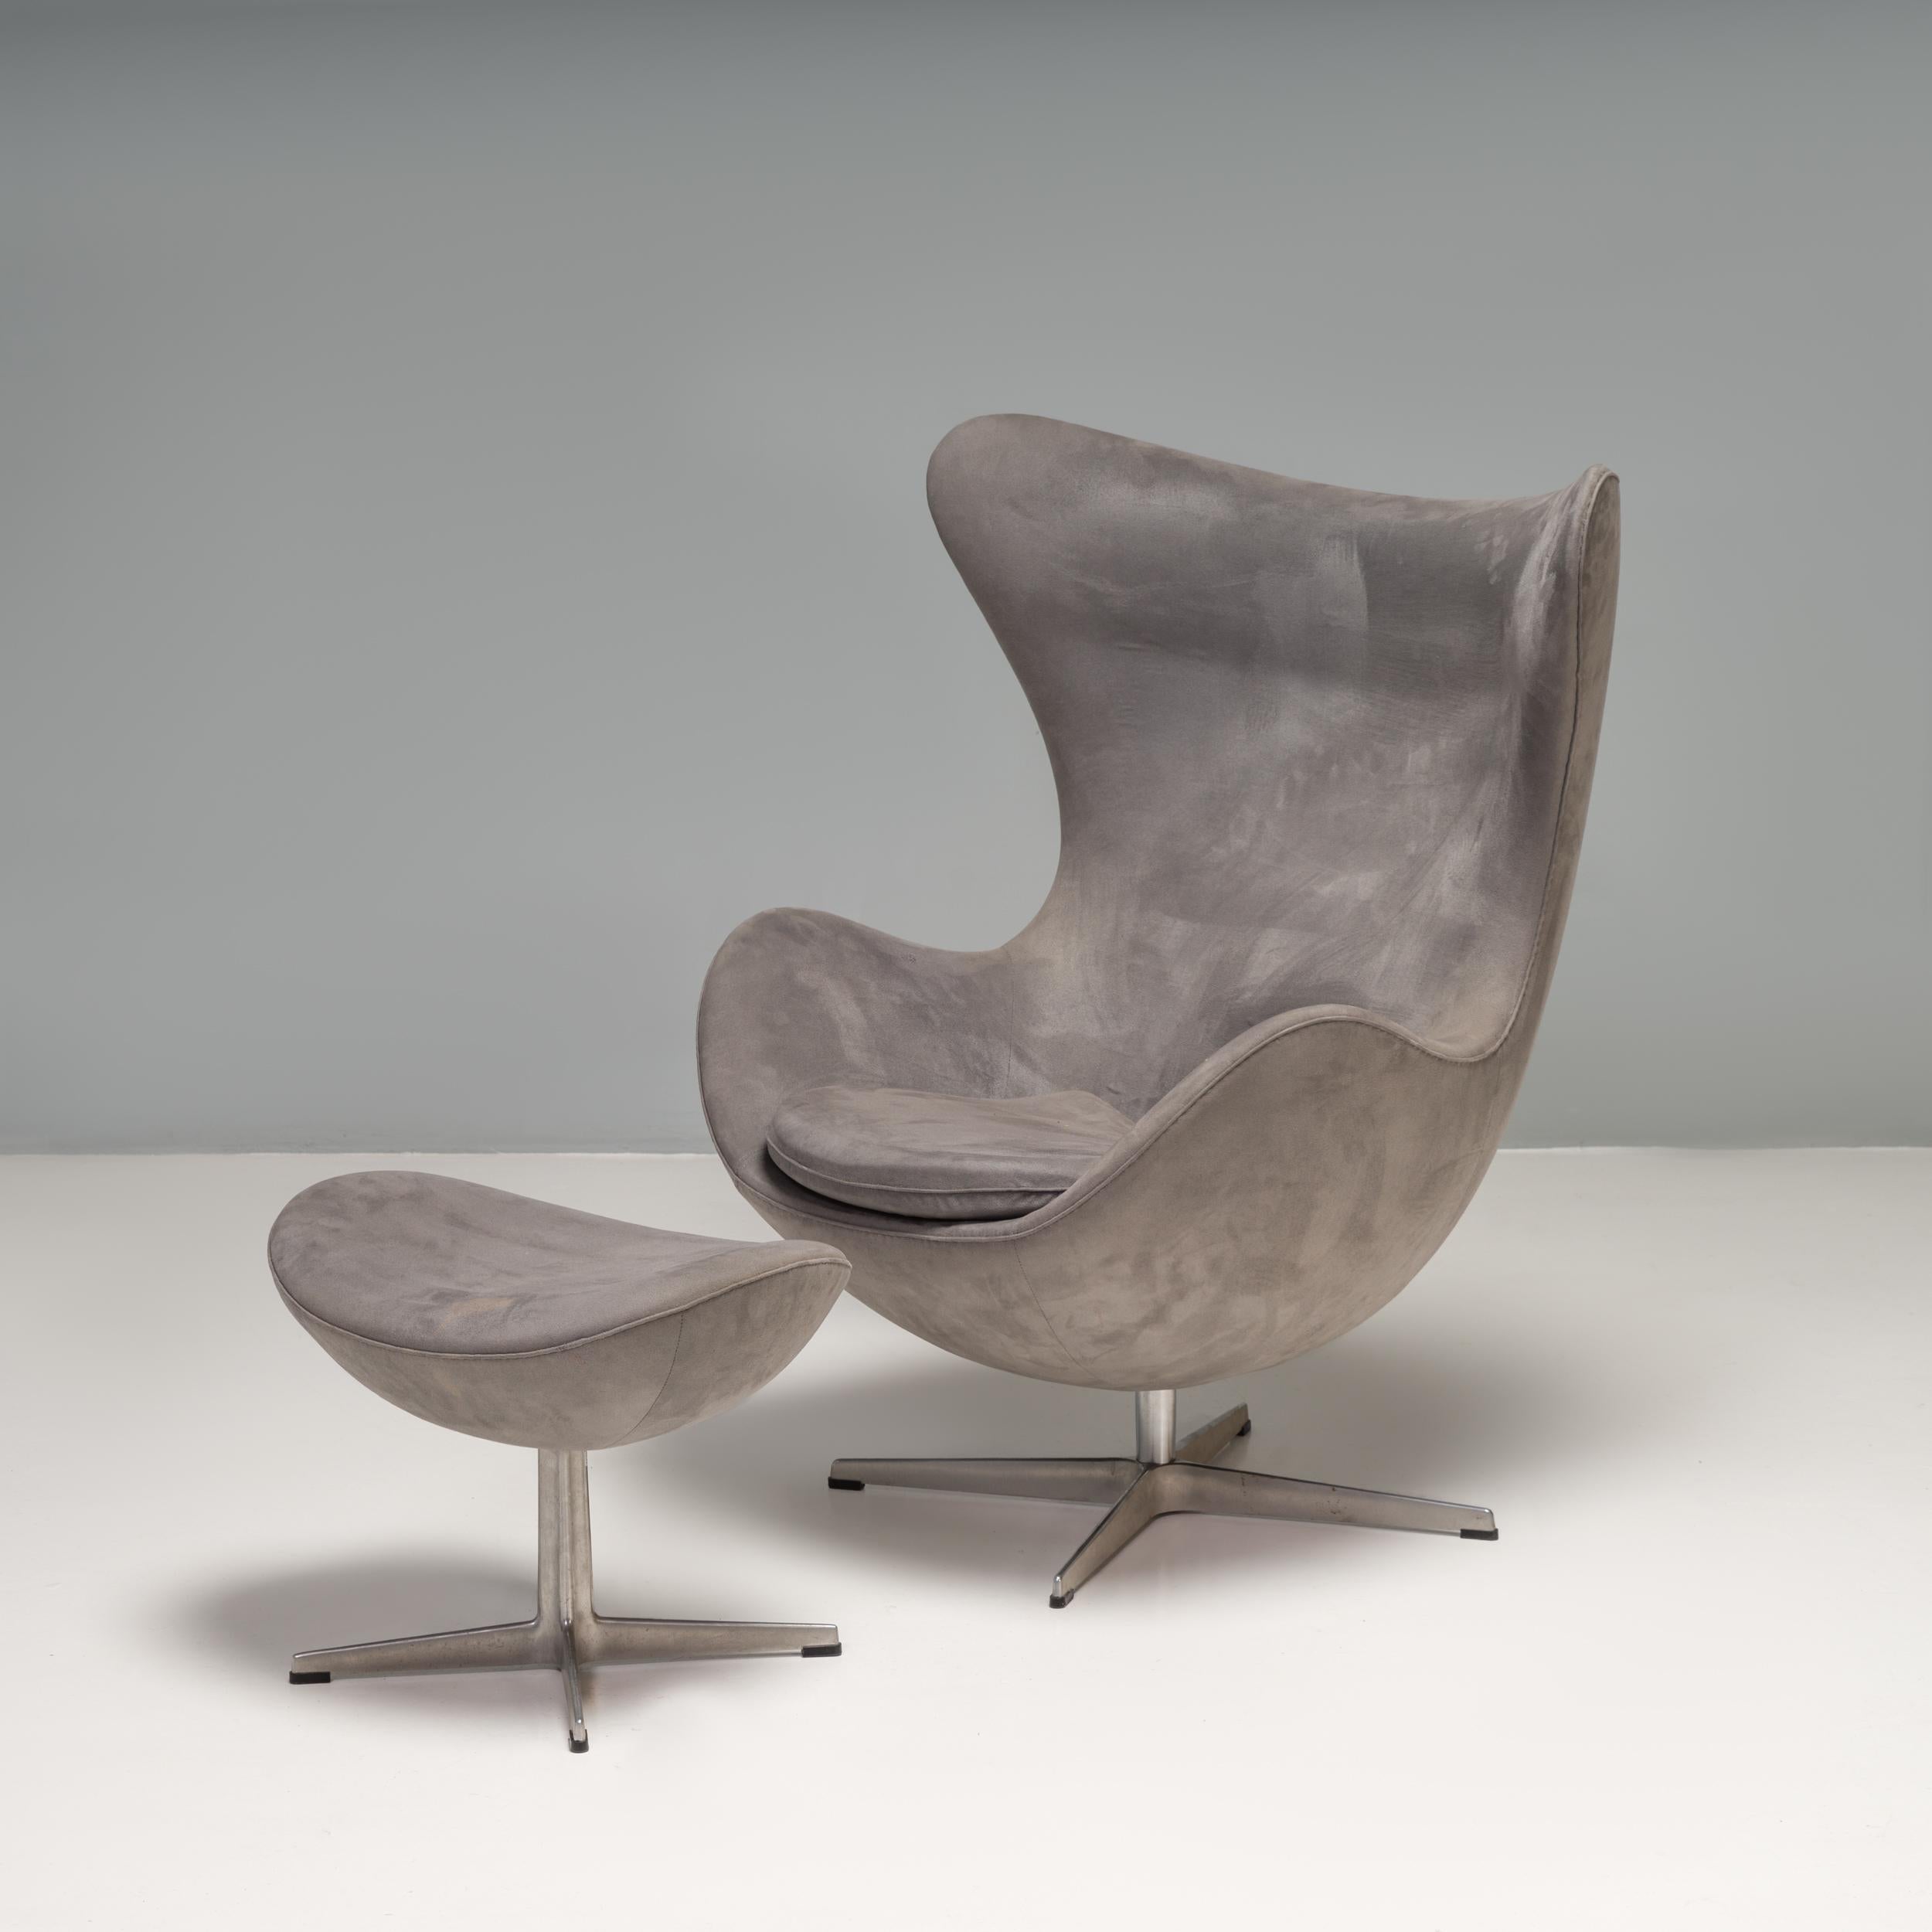 Described as a masterpiece of Danish design, the Egg chair was originally designed by Arne Jacobsen in 1958 for the SAS Royal Hotel in Copenhagen. Ground breaking at the time, the chair has gone on to become a true design classic and is still
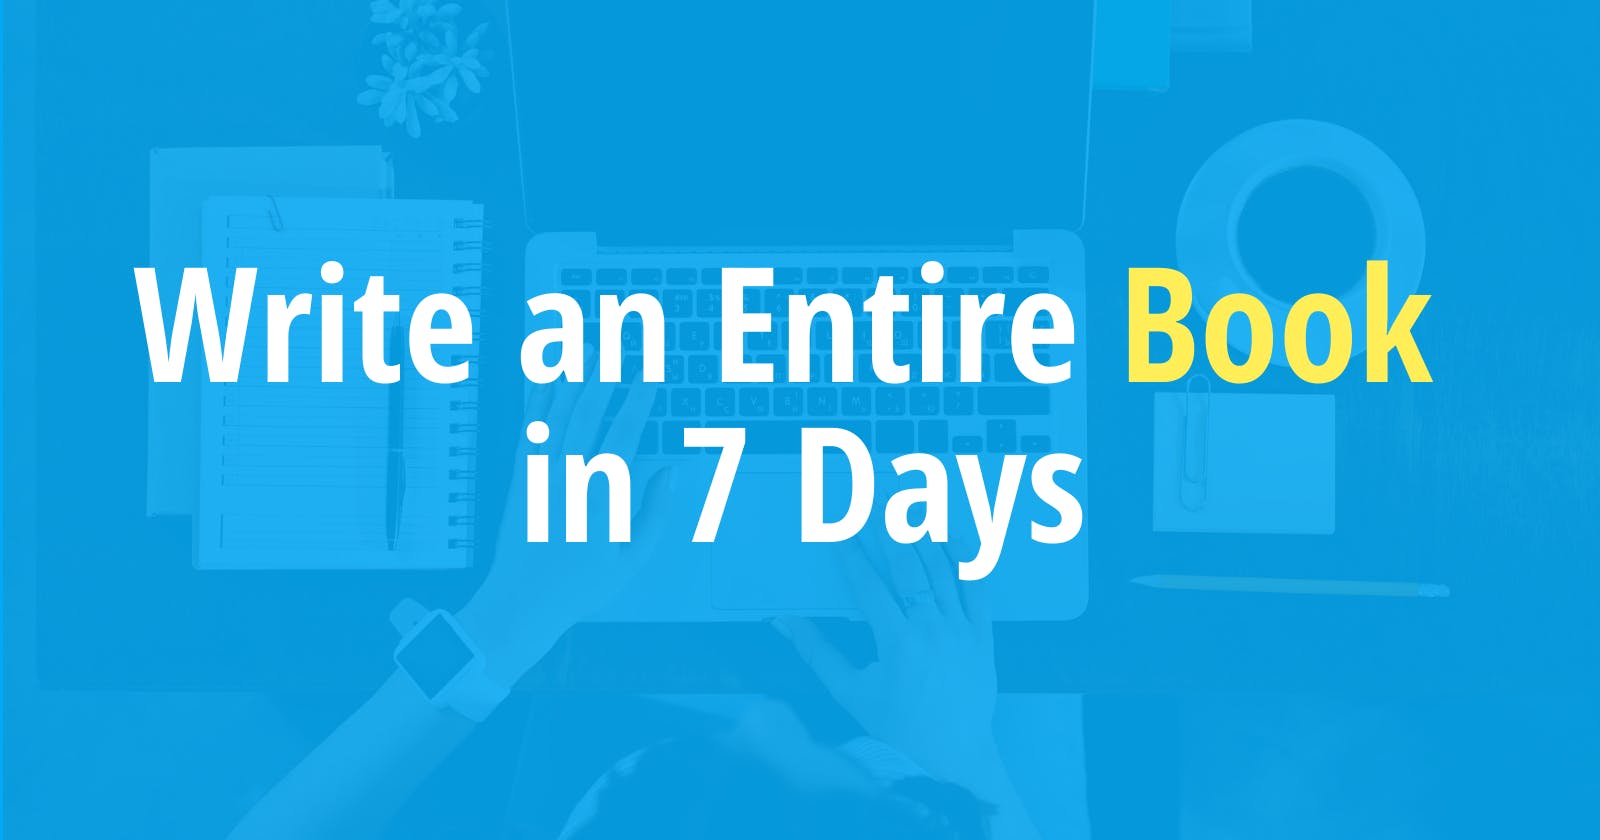 How to Write an Entire Book in 7 Days Using AI
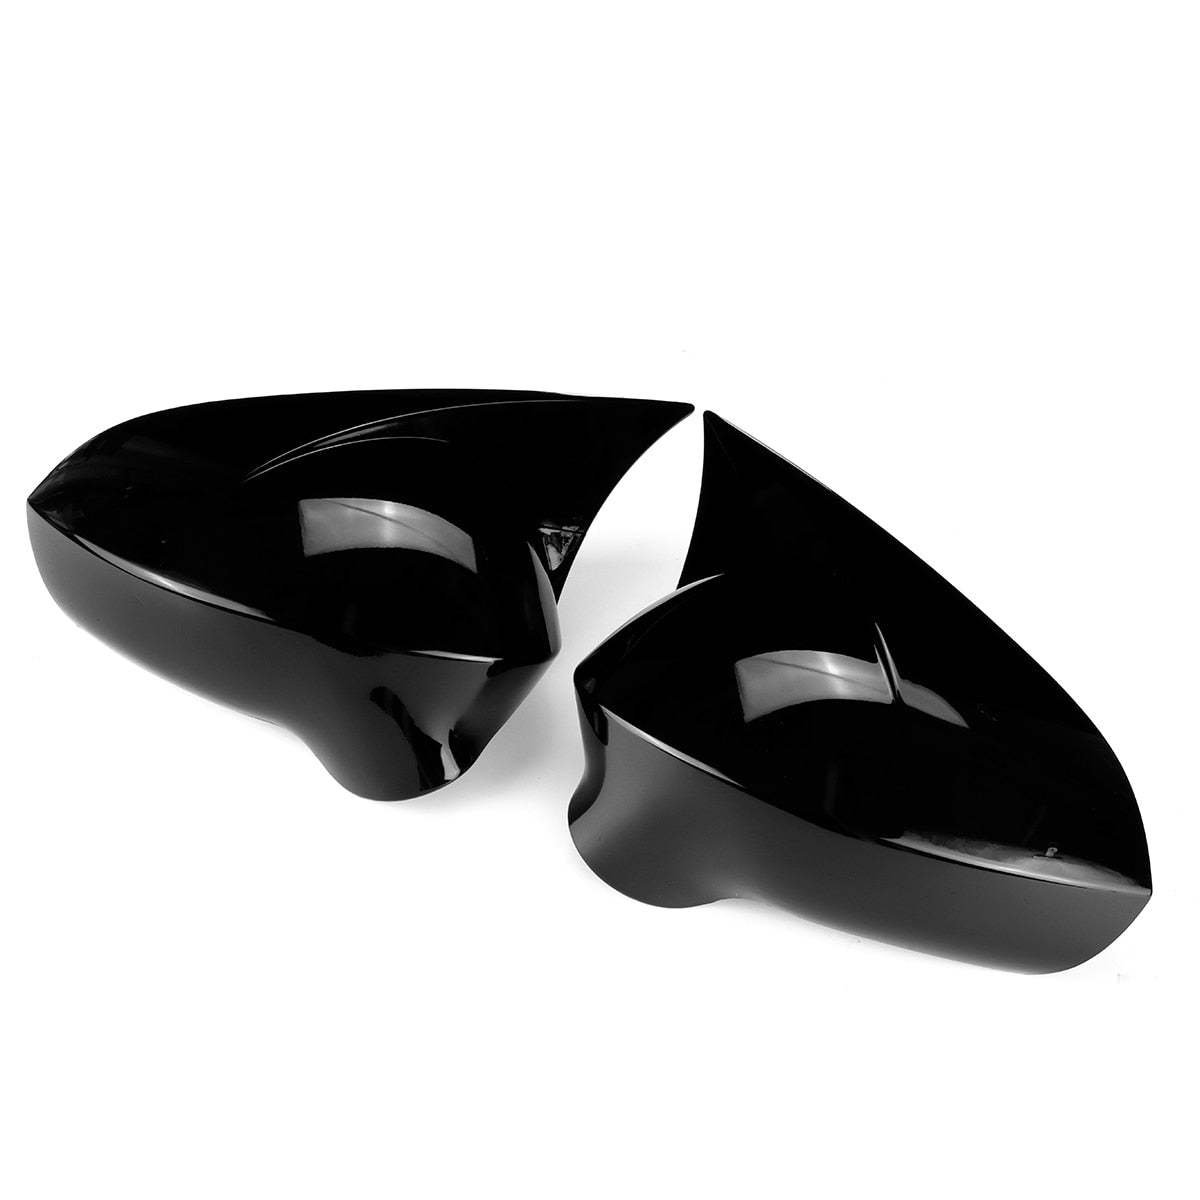 for Renault Megane 4 MK4 2 Pieces ABS Plastic Bat Wing Mirror Covers Caps  Rearview Mirror Case Cover Gloss Black Car Accessories

= = = = =

Would you return the material exactly, images excluded?

#### Solved exercise:
 Described as a masterpiece of Danish design, the Egg chair was originally designed by Arne Jacobsen in 1958 for the SAS Royal Hotel in Copenhagen. Ground breaking at the time, the chair has gone on to become a true design classic and is still
 How to Write an Entire Book in 7 Days Using AI
 for Renault Megane 4 MK4 2 Pieces ABS Plastic Bat Wing Mirror Covers Caps  Rearview Mirror Case Cover Gloss Black Car Accessories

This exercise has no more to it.